Legal costs of warring couple exceed their assets

It is sadly a feature of financial remedy disputes on divorce that couples expend disproportionate amounts of their assets on legal costs, arguing over who should have what. Sometimes, their legal costs even exceed the value of their assets, making the entire exercise somewhat futile.

Over the years family judges have often criticised couples for spending inordinate sums arguing over the division of their assets. We have written about this here previously, for example in this post in 2017.

And now another such case has been published. It is worth mentioning as a reminder of the folly of running up disproportionate legal costs.

And unlike so many of these cases, this one did not involve parties of great wealth. In fact, in the end they were arguing over negative assets.

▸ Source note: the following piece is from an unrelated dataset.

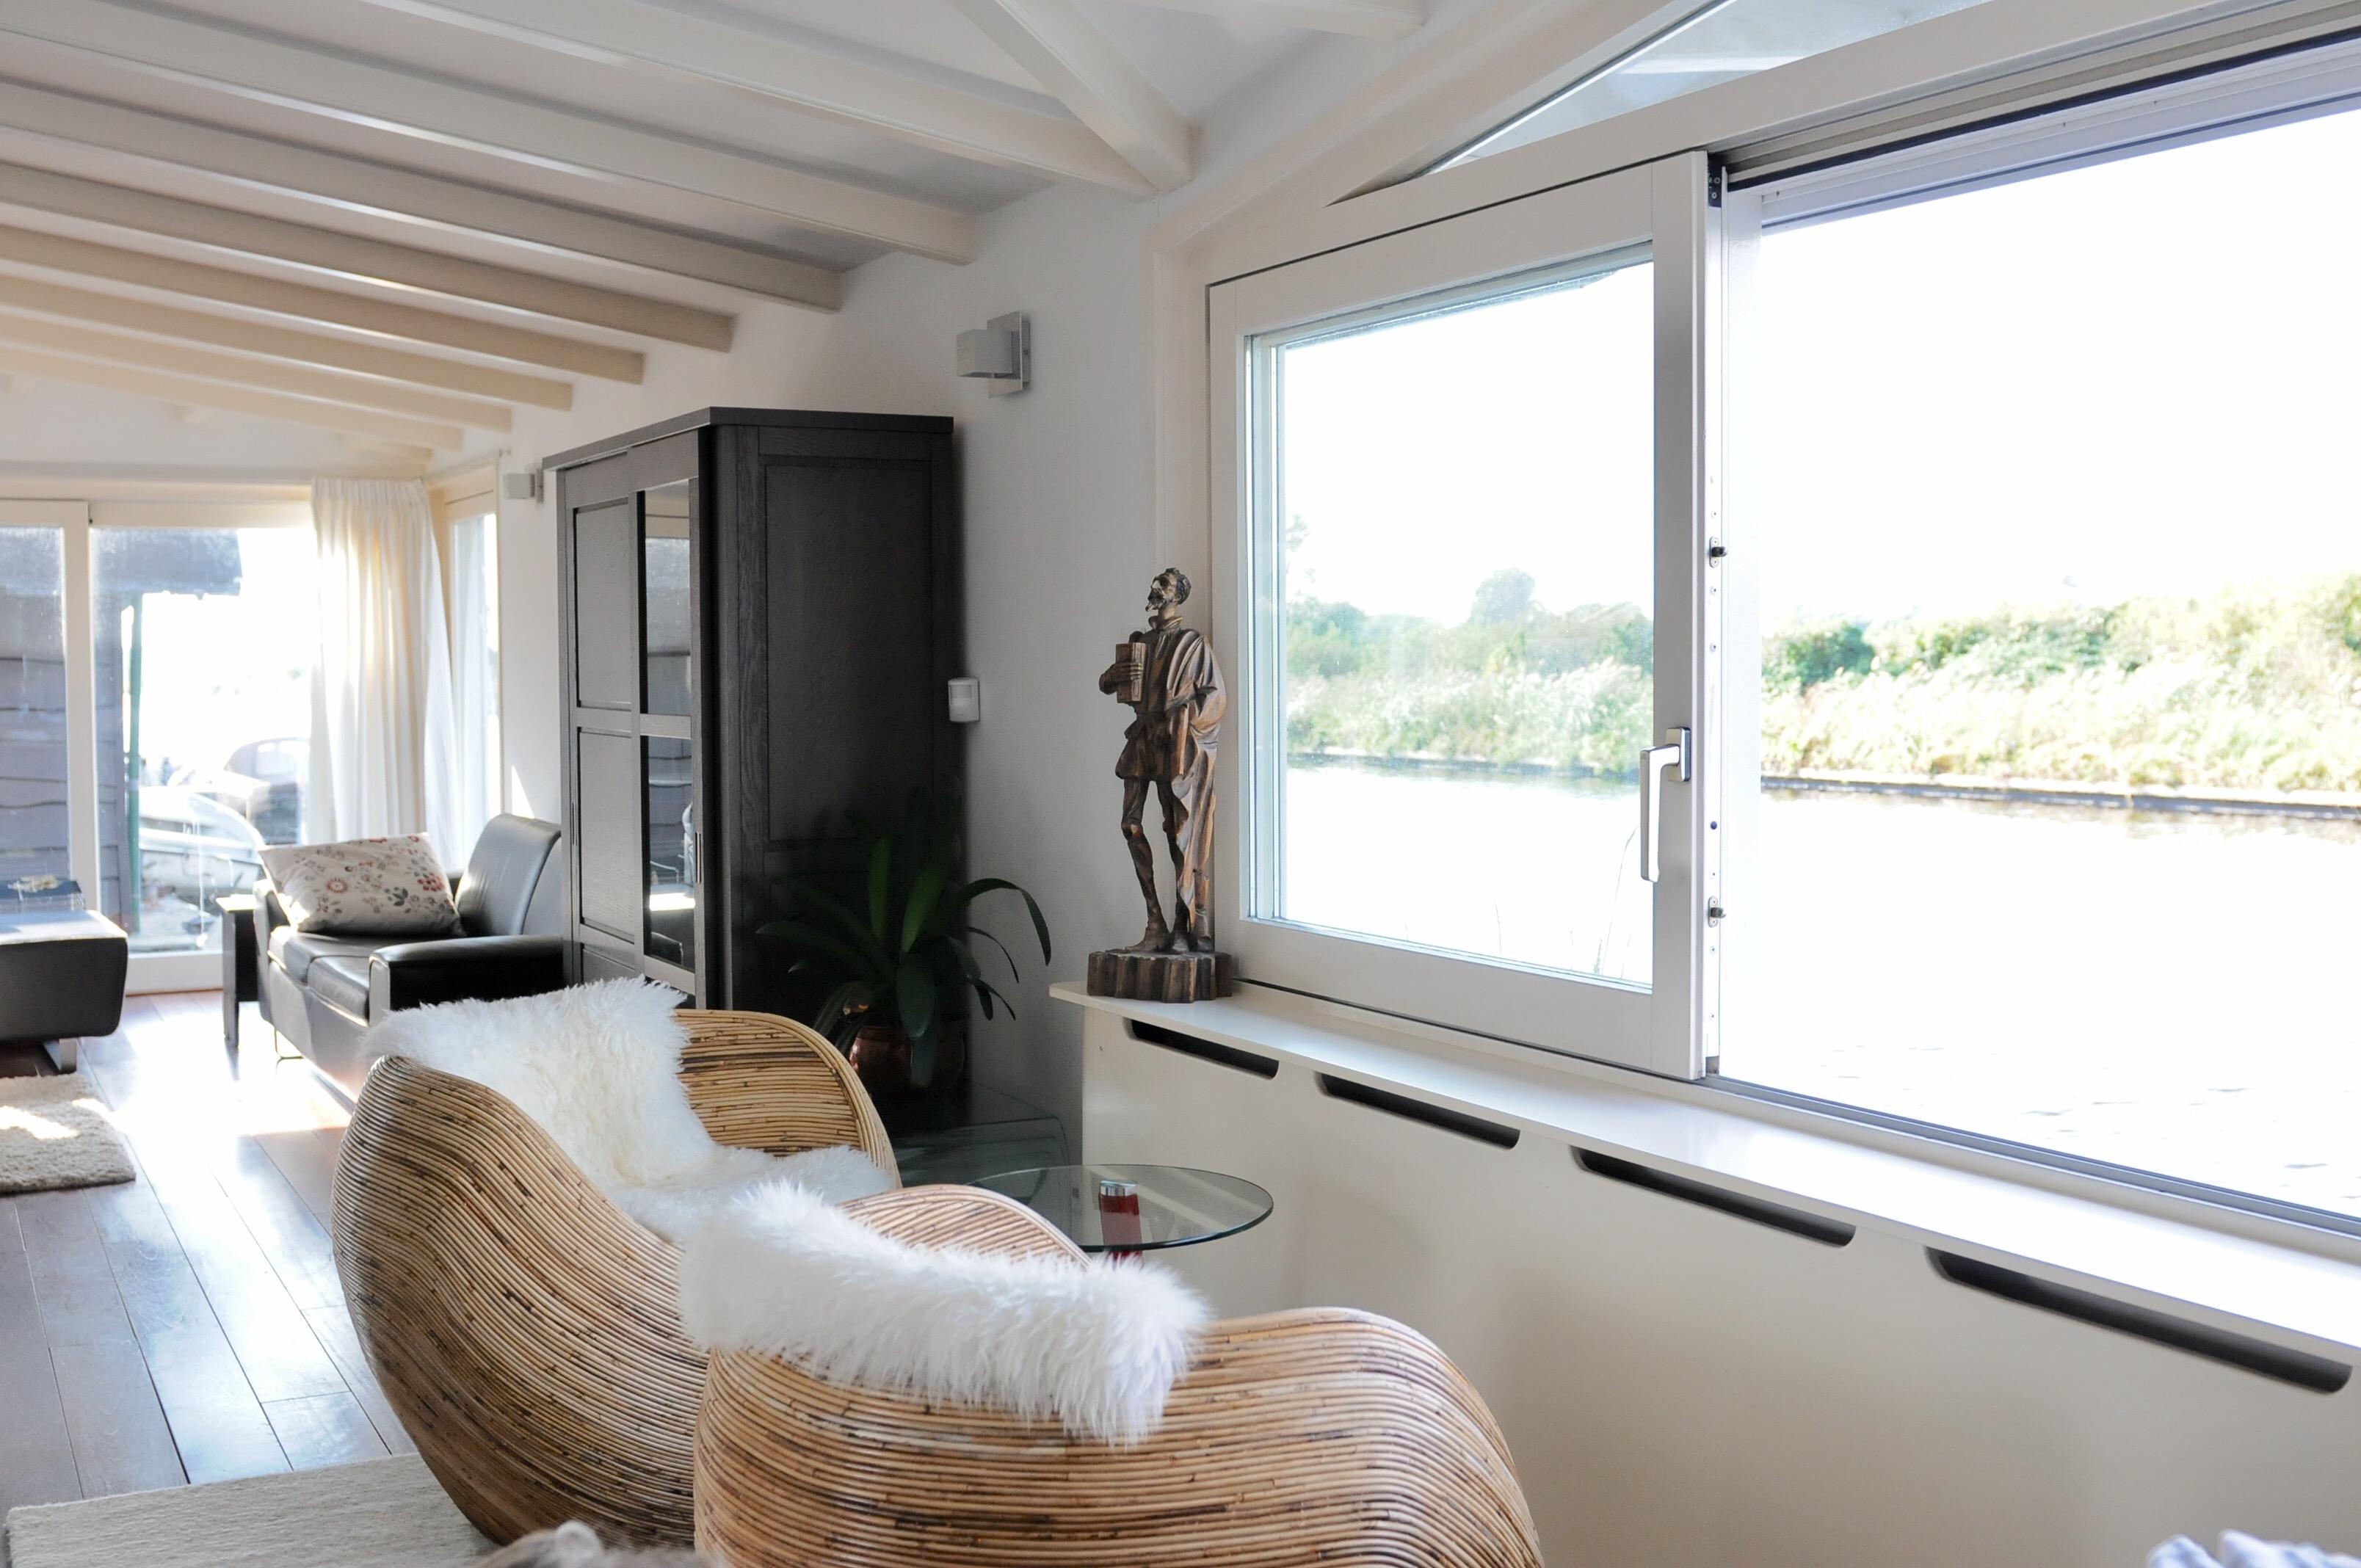 Ringvaart Cruquiusdijk 242, Vijfhuizen

The reason for this was that the parties’ assets were quite modest to begin with, and they ran up legal costs arguing over their division, greater than the value of those assets. The wife alone ran up legal costs in excess of £61,000. The end result was that their joint debts amounted to some £57,000.

And they did this despite the judge warning them at an earlier hearing that there was “a danger in this case that the cost of litigation and any final hearing will be disproportionately high relative to the asset base.”

The parties did, in fact, reach an agreement a few months before the final hearing, but they (in particular the wife) continued to argue over certain peripheral matters, with the result that the case dragged on to the final hearing.

In the end the judge made an order that was basically the same as what had been agreed previously. The husband therefore asked the judge to order the wife to pay his legal costs from the date of the agreement, amounting to some £29,000.

The judge found that both parties had been at fault in allowing the case to go to the final hearing, but also found that most of the fault lay with the wife. He therefore ordered the wife to pay £10,000 towards the husband’s costs.

All of the above led the judge to comment: “The level of costs in these proceedings has been ruinous to the parties. It is utterly disproportionate to the assets involved. To put the issue in context, the wife’s costs alone are just short of £4,000 in excess of the parties’ joint deficit.  Issues have been pursued which did not merit any significant expenditure of costs. Warnings as to the costs being incurred have gone ignored.”

The moral is quite clear: do everything you reasonably can to settle matters by agreement, always bear in mind the costs you are incurring, and always see the larger picture.